- Excerpted records:
·····
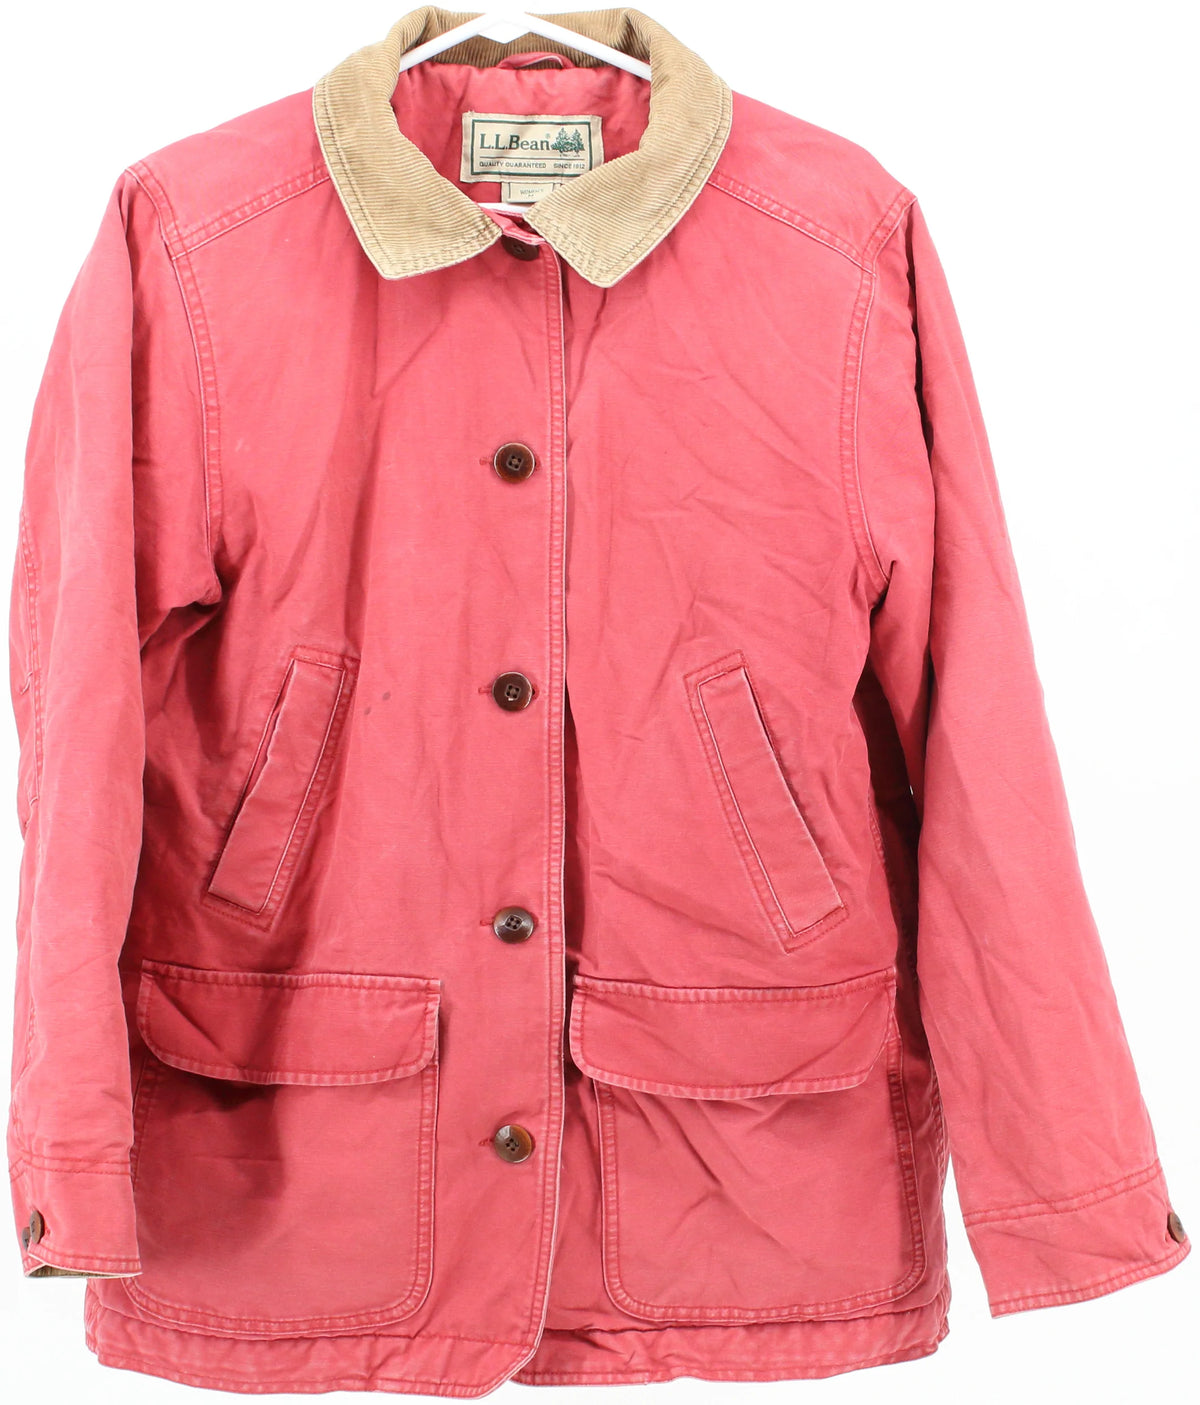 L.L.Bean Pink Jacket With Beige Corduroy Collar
·····
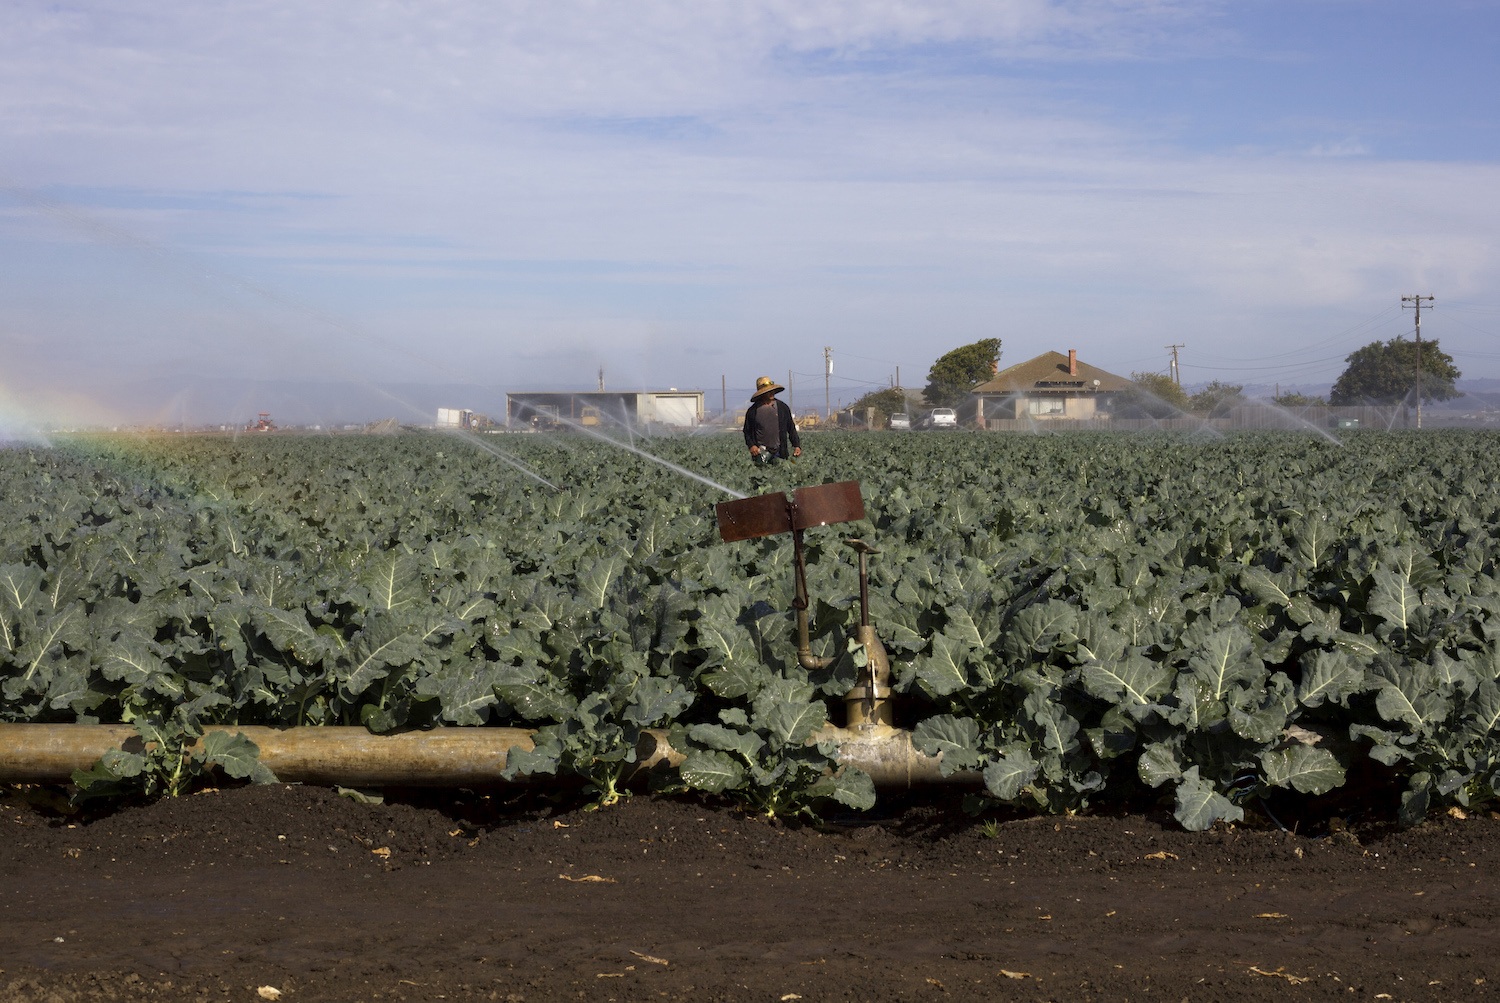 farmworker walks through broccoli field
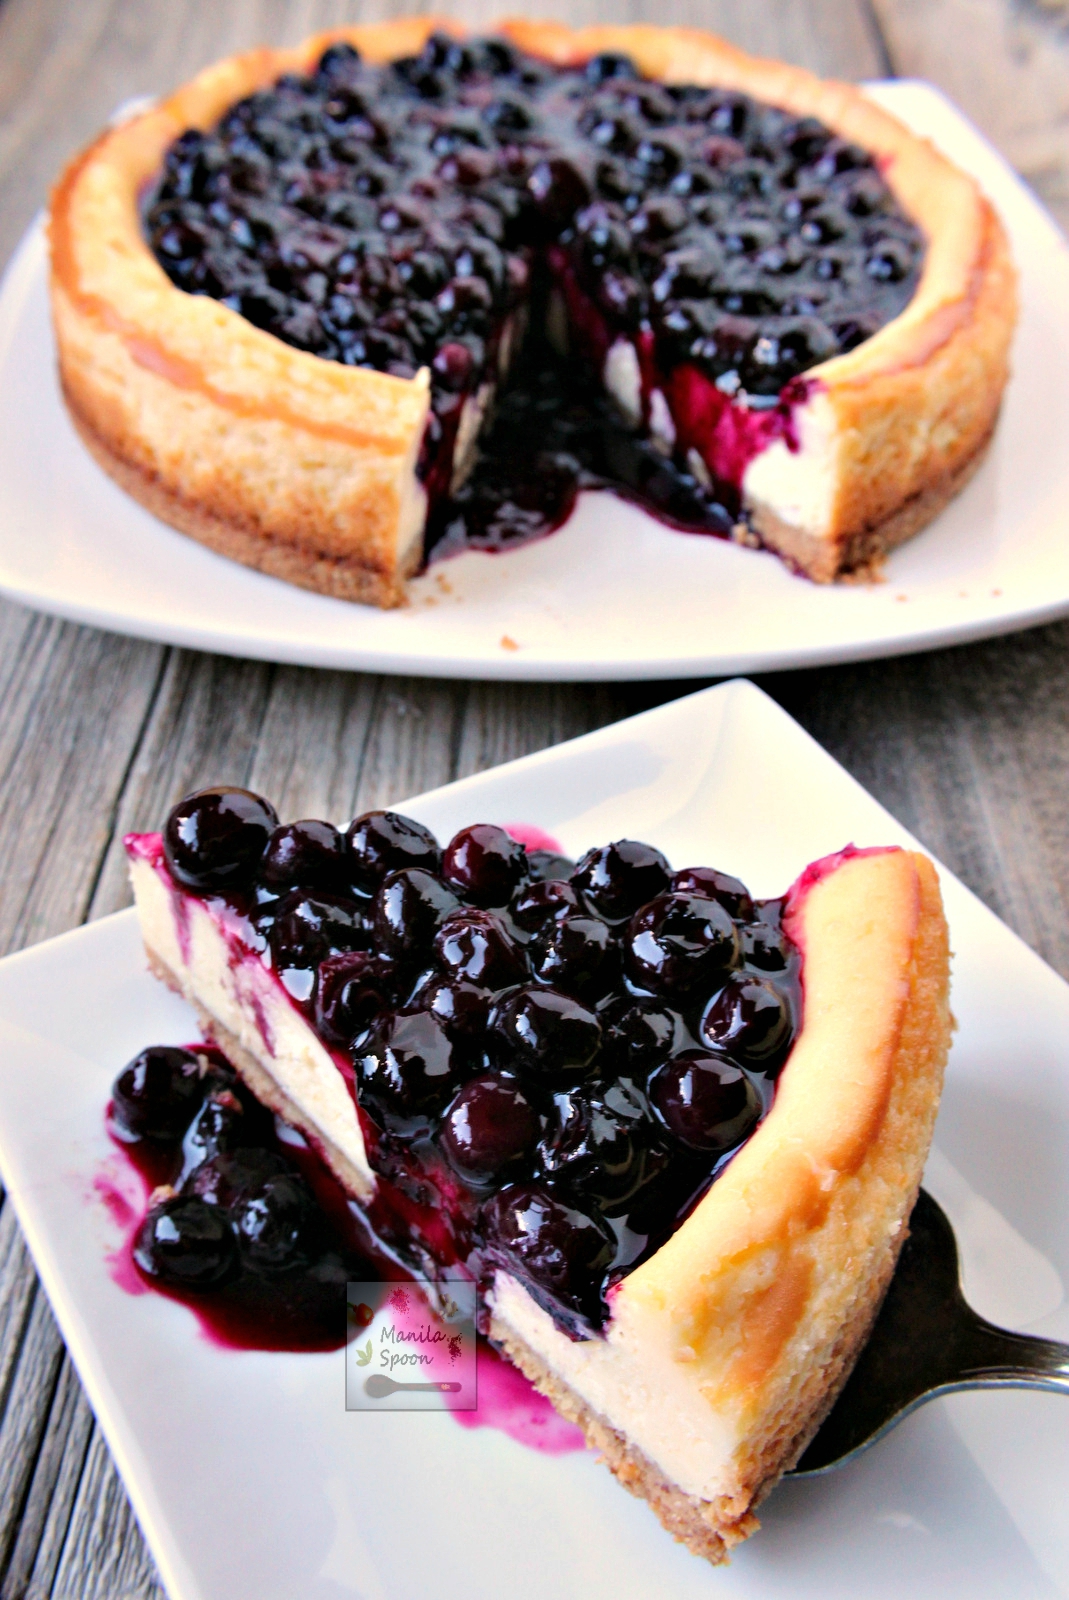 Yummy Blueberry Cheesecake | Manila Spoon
·····
Extract, without any images, the part of the material above that opens with the line containing "farmworker walks through broccoli field" and closes with the line containing "Yummy Blueberry Cheesecake | Manila Spoon", both lines included.

- The completed task:
 farmworker walks through broccoli field
 Yummy Blueberry Cheesecake | Manila Spoon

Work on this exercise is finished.